> **TASK GOAL**
Give back an exact copy of the lines in the records below, from the line that has "Lassie Lost in" through the line that has "Go Green Wallpaper 2202x1080", and nothing besides.

> **DATA**
____________________

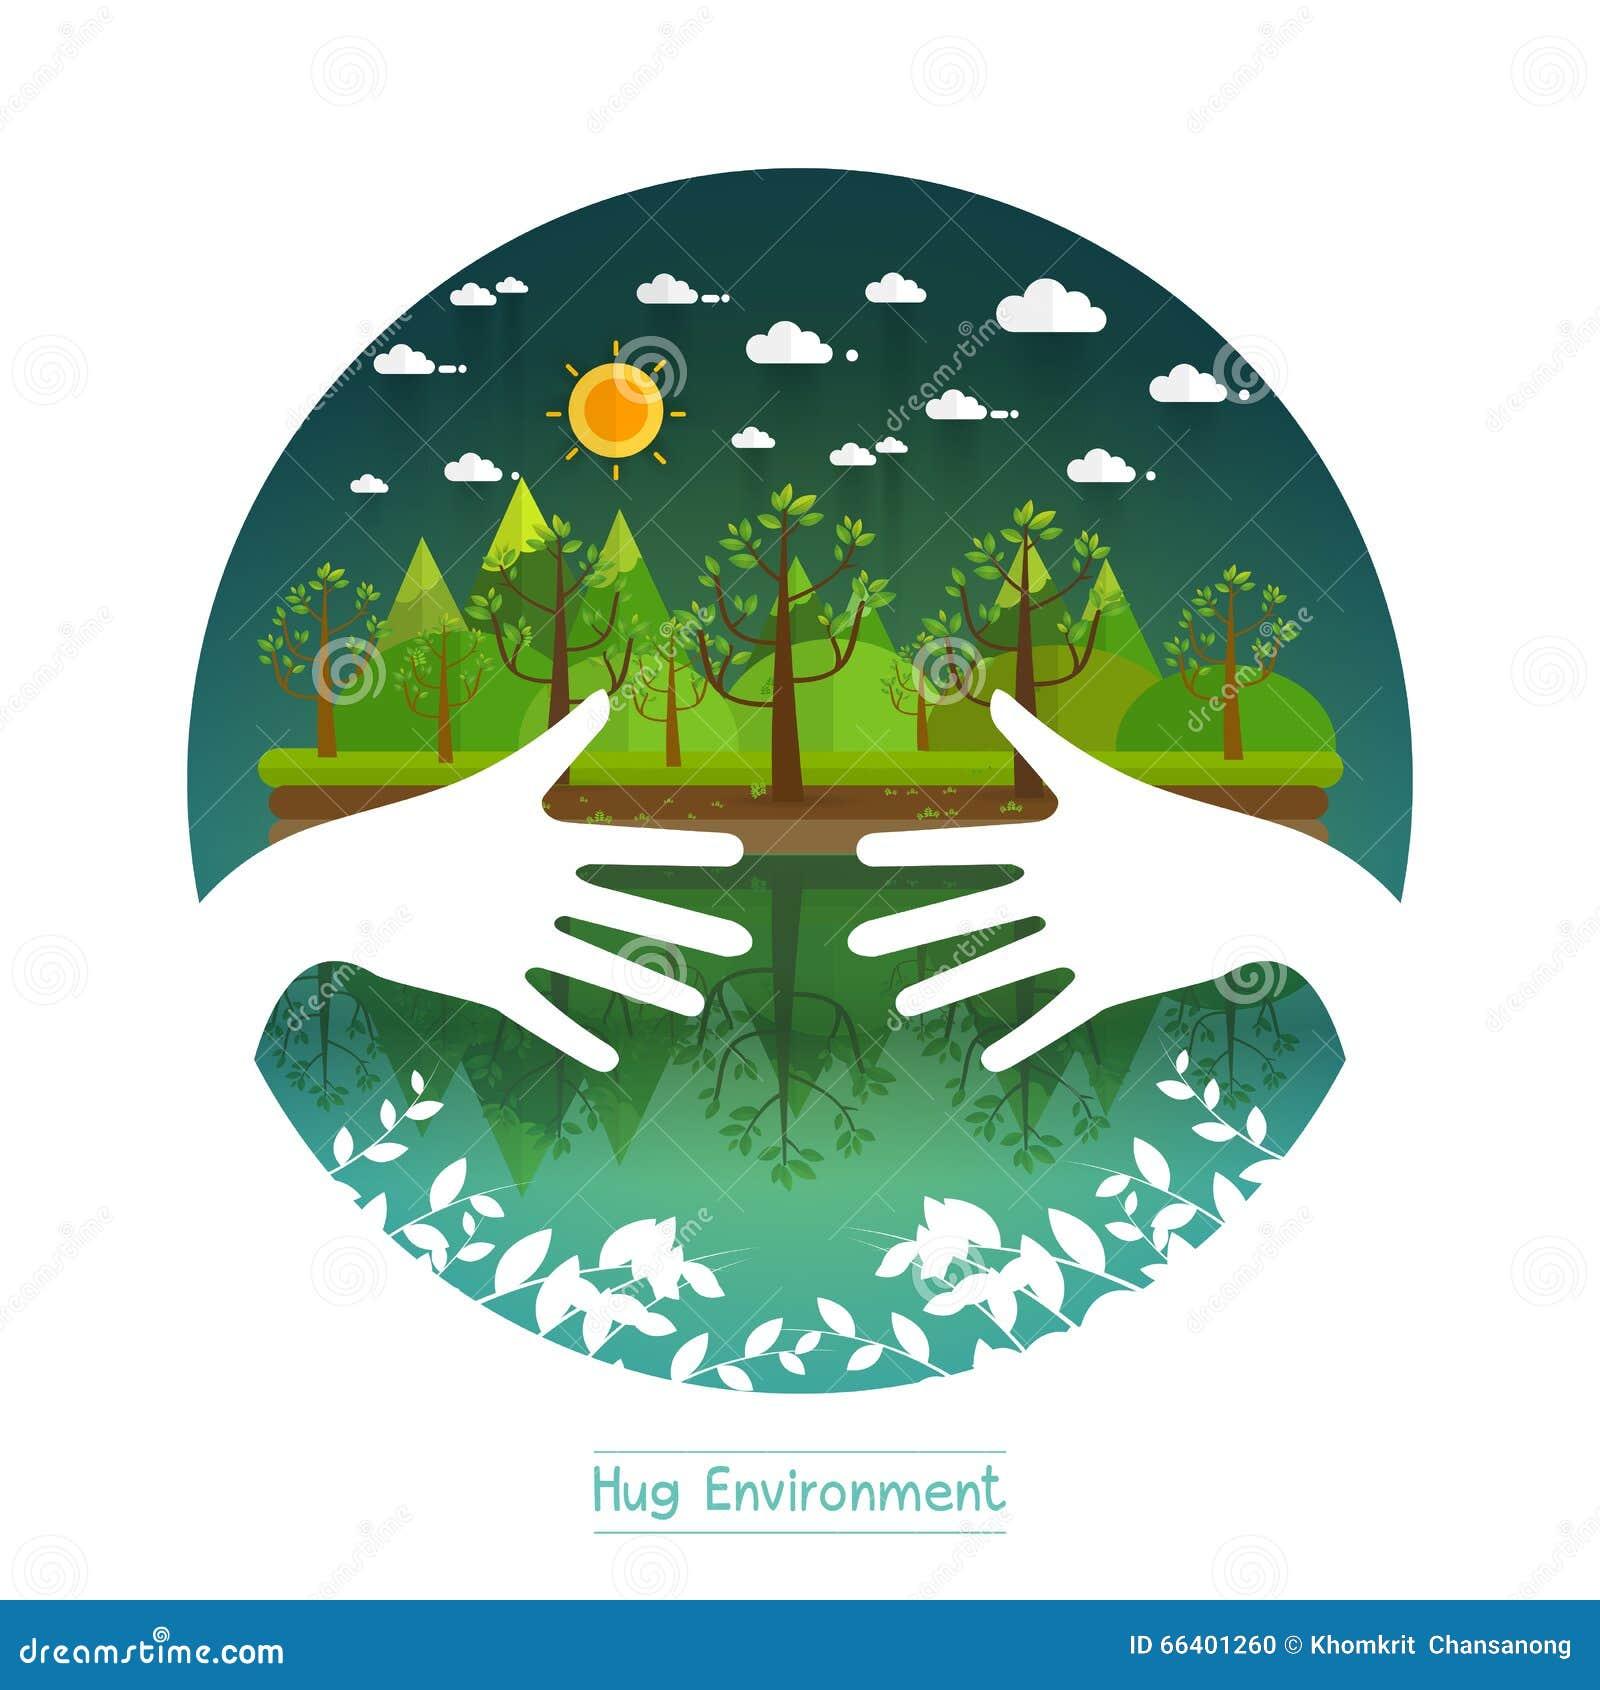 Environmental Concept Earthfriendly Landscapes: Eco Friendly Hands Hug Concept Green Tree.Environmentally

____________________

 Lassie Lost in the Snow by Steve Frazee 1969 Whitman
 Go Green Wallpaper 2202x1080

____________________

> **FINISHED EXERCISE**
 Lassie Lost in the Snow by Steve Frazee 1969 Whitman
 Go Green Wallpaper 2202x1080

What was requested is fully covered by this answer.